The video is subtly elaborate. Texture is an especially prominent component. The wave-like folds stand out on the long plastic sheet which is laid over the ground that the young ballerina walks upon. The message is inherently written in the billowing sheets: the ballerina must traipse carefully in a convoluted yet uncertain space. This apprehension in the girl is something she easily experiences firsthand while performing in front of others and is also something she internalizes while she is alone. In one particular scene, she lies down in a fetal position, grimacing against the ripples of the white sheet. Her exhaustion at achieving perfection is quiet, but we can see that it is slowly enveloping her.
The use of the revolving Plexiglas square helps to further drive home how the force of the externalized pressure is affecting her. The young girl in her ballet dress swivels around with her leg held up in a perfect pose. Lights from the colored block pillars surround her representing the attention placed on her from a third party. The close up shot is utilized heavily while she revolves. The idea of the flawless revolving ballerina is contrasted against her discontent demeanor. The addition of her ragged, neglected doll alludes to her uneven emotional state. She is starting to become an emotional mess.
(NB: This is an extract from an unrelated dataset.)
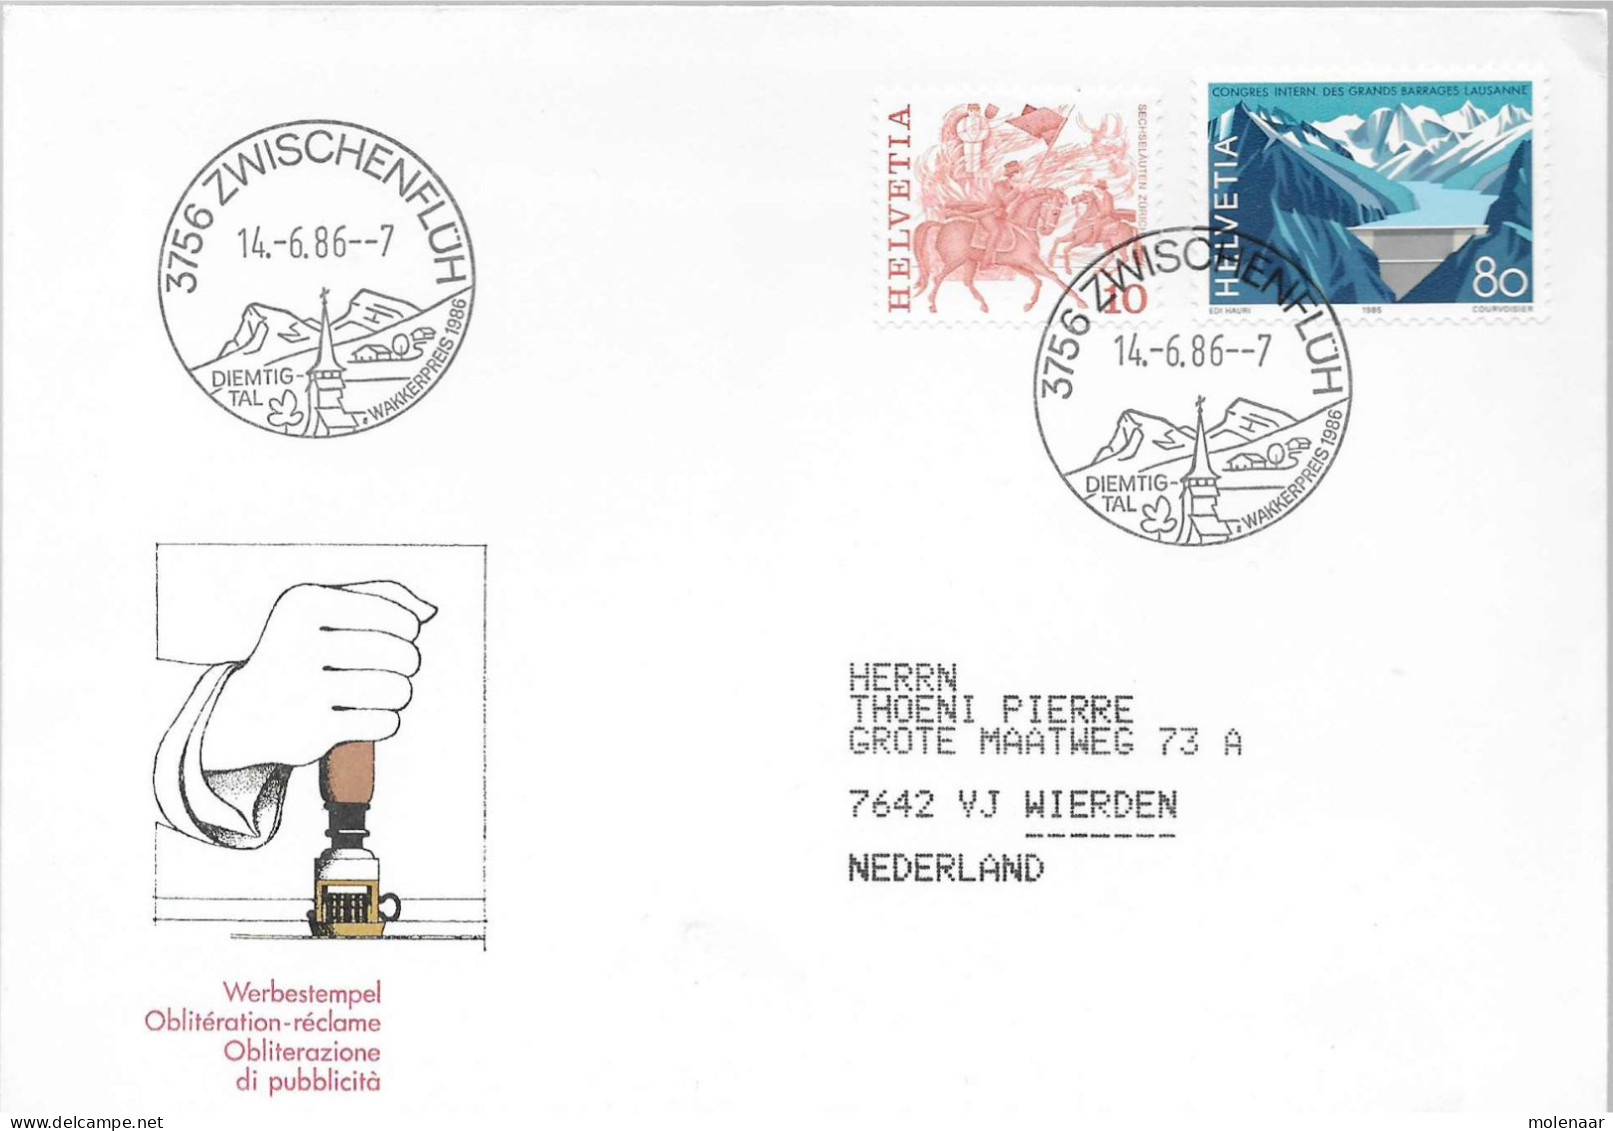 Postzegels > Europa > Zwitserland > 1980-1989 > Brief Met No. 1287 (17617) - Storia Postale

When the girl practices her dancing, it is in the room filled with angular mirrors. To master ballet is the end goal as the girl continually works to refine her craft. The lighting shifts signify the passing of time. The subsequent hours allocated towards honing her craft has driven her to practice displaced of the extremity of time. Her sense of self is lost as ballet consumes her life.
The burden of performance and perfection come to a boiling point during the song’s climactic synth breakdown. From darkness, hands reach out over the shoulders of the girl. These hands are highly symbolic and open to interpretation: Do they embody the control and opinion of society, parents, teachers, coaches, bosses, and/or all of the above? No matter what they represent, the message is evident during the MV’s conclusion. The girl rubs off her fake lashes and smears her lipstick, vestiges of the construction constraining her, before screaming and letting one teardrop fall down her cheek. She is done being controlled by the societal bounds and pressures.
The music video does a remarkable job at exploring the societal burdens placed on Korean youth. Whether it is in dance, academia, or other activities, the relentless pursuit of the prized ideal image or being the best can at times become problematic and cause the Korean youth to suffer. Overall, the MV does an excellent job of presenting a poignant story with great editing and well chosen set pieces.